AMA, TRABALHA, ESPERA E PERDOA

Quando deu acordo de si, a noite havia fechado de todo. O céu oriental resplandecia de estrelas. Ventos suaves sopravam de longe, refrescando-lhe a fronte in­candescida. Acomodou-se como pôde, entre as pedras agrestes, sem coragem de eximir-se ao silêncio da Natu­reza amiga. Não obstante prosseguir no curso de suas amargas reflexões, sentia-se mais calmo. Confiou ao Mestre as preocupações acerbas, pediu o remédio da sua misericórdia e procurou manter-se em repouso. Após a prece ardente, cessou de chorar, figurando-se-lhe que uma força superior e invisível lhe balsamizava as chagas da alma opressa.

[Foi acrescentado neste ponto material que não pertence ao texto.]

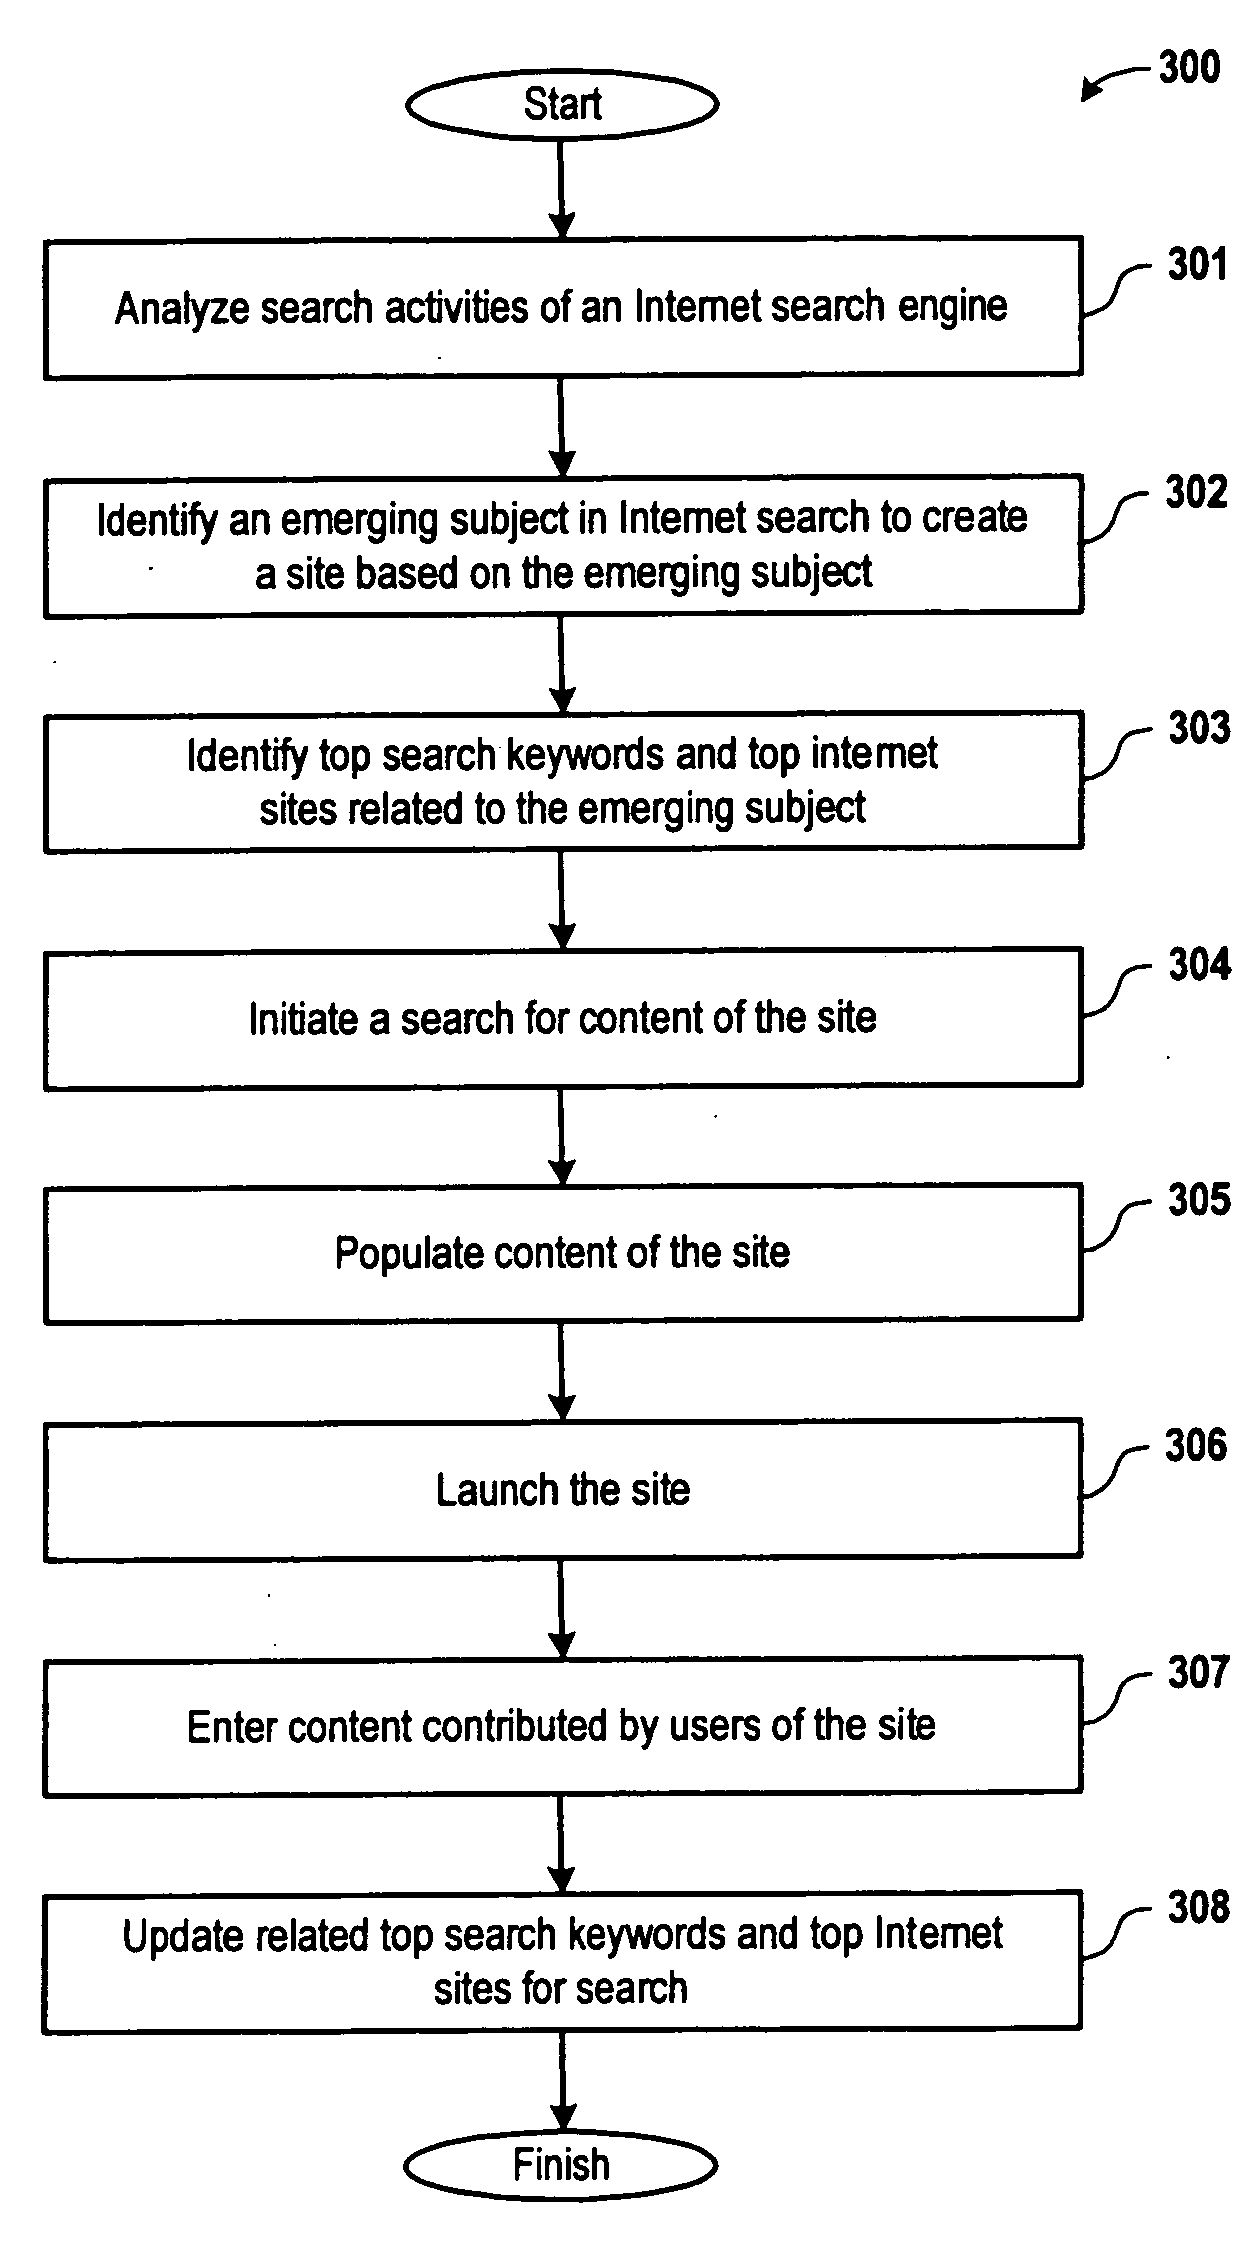 Automated system and method for creating a content-rich site based on an emerging subject of internet search

Breve, em doce quietude do cérebro dolorido, sentiu que o sono começava a empolgá-lo. Suavíssima sensação de repouso proporcionava-lhe grande alívio. Estaria dor­mindo? Tinha a impressão de haver penetrado uma região de sonhos deliciosos. Sentia-se ágil e feliz. Tinha a impressão de que fora arrebatado a uma campina to­cada de luz primaveril, isenta e longe deste mundo. Flores brilhantes, como feitas de névoa colorida, desa­brochavam ao longo de estradas maravilhosas, rasgadas na região banhada de claridades indefiníveis. Tudo lhe falava de um mundo diferente. Aos seus ouvidos toavam harmonias suaves, dando idéia de cavatinas executadas ao longe, em harpas e alaúdes divinos. Desejava identificar a paisagem, definir-lhe os contornos, enriquecer observações, mas um sentimento profundo de paz deslum­brava-o inteiramente. Devia ter penetrado um reino ma­ravilhoso, porqüanto os portentos espirituais que se pa­tenteavam a seus olhos excediam todo entendimento. (2)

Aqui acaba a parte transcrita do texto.